Sri Lankan landscape architect

Major Bevis William Frederick Bawa, ADC, CLI (26 April 1909 – 18 September 1992) was a Ceylonese (Sri Lankan) planter, soldier and a landscaper. He was also one of the most renowned landscape architects in Sri Lanka and served as the Aide-de-camp to four Governors of Ceylon.

==Early life and education==
Bevis Bawa was born on 26 April 1909 in Colombo, the eldest son of Captain Benjamin William Bawa (1865–1923), a wealthy and successful lawyer, of Muslim and European parentage, and Bertha Marianne née Schrader (1876–1946), who was of mixed German, Scottish and Sinhalese descent. He had one younger brother, Geoffrey Bawa (1919–2003) ten years his junior, who is regarded as being one of the most important and influential Asian architects of the twentieth century.

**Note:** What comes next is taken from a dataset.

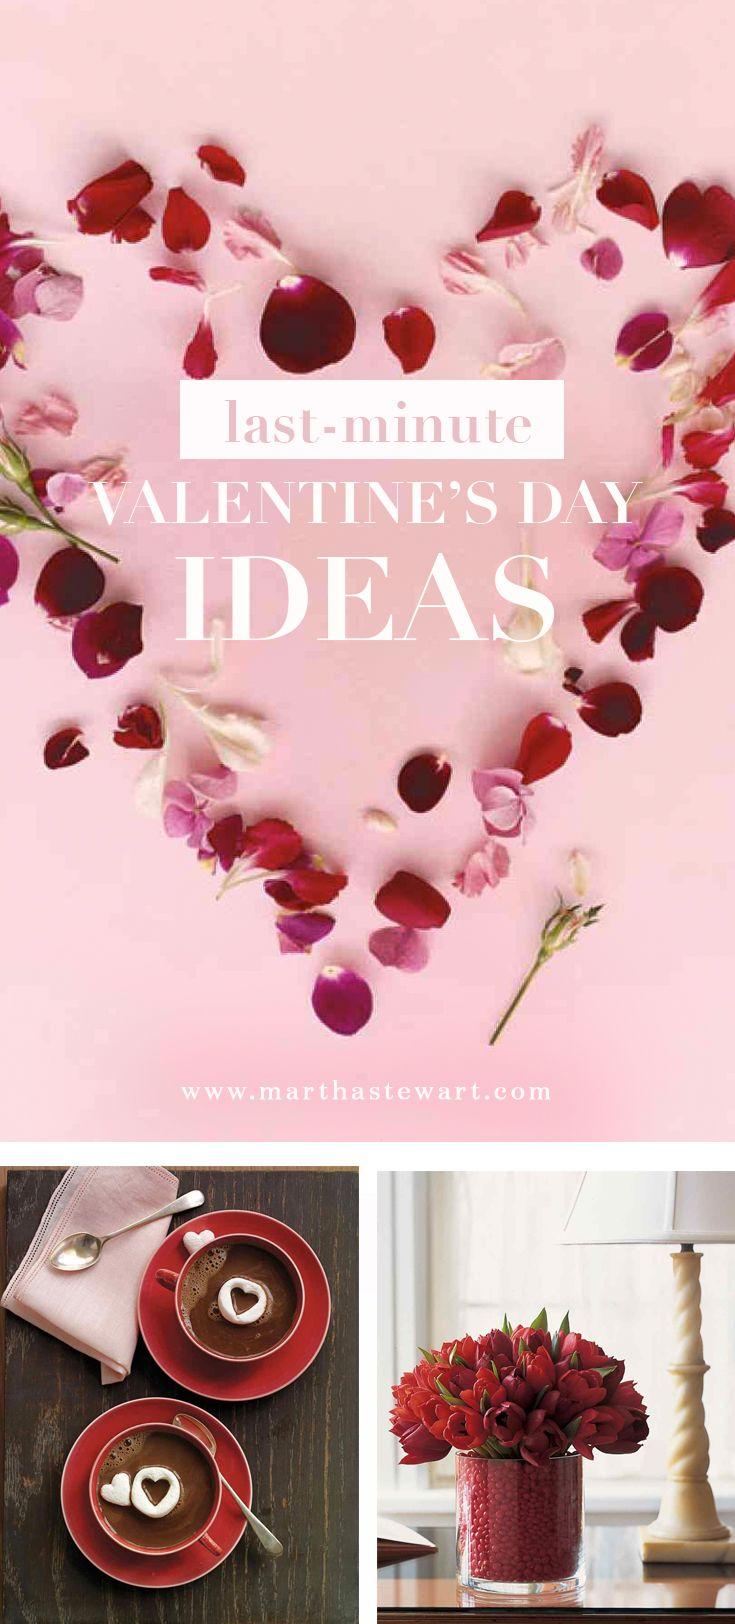 78 best Romantic images on Pinterest | Valentine ideas, Funny ...

Bawa was educated at Royal College Colombo, but had to leave school at seventeen when his father died while in England. His mother sent him to be trained as a planter at his uncle's estates in order to take up the management of the family estate in Aluthgama known as Brief Estate.

==Military career==
In 1929, Bawa was commissioned as a Second Lieutenant in the Ceylon Light Infantry, a reservist regiment of the Ceylon Defence Force. In 1934, Lieutenant Bawa was appointed as Aide-de-camp (ADC) to the Governor, Sir Reginald Edward Stubbs; a post held by his father years before. He served sixteen years at the King's House in the staff of the Governor and thereafter the Governor General as the ADC to Sir Andrew Caldecott, Sir Henry Monck-Mason Moore and Lord Soulbury, gaining promotion to the rank of Captain and thereafter Major. He was one of the initial officers of the newly formed Ceylon Army and one of only nine Majors in the army at the time. He retired from the army in 1950, with Captain (later General) Sepala Attygalle succeeding him to the post of ADC to the Governor General.

==Landscaping==
Having started running the 2 ha family rubber plantation known as the Brief Estate in 1929, he began making a garden and developing the estate bungalow while serving in the Army. In 1949 he inherited the estate, which had originally been acquired by his father, from his mother. After he retired from the Army, be made Brief his home and extended its gardens. As the popularity of Brief Gardens grew, he was commissioned to landscape many Embassies, public buildings and private houses in Colombo.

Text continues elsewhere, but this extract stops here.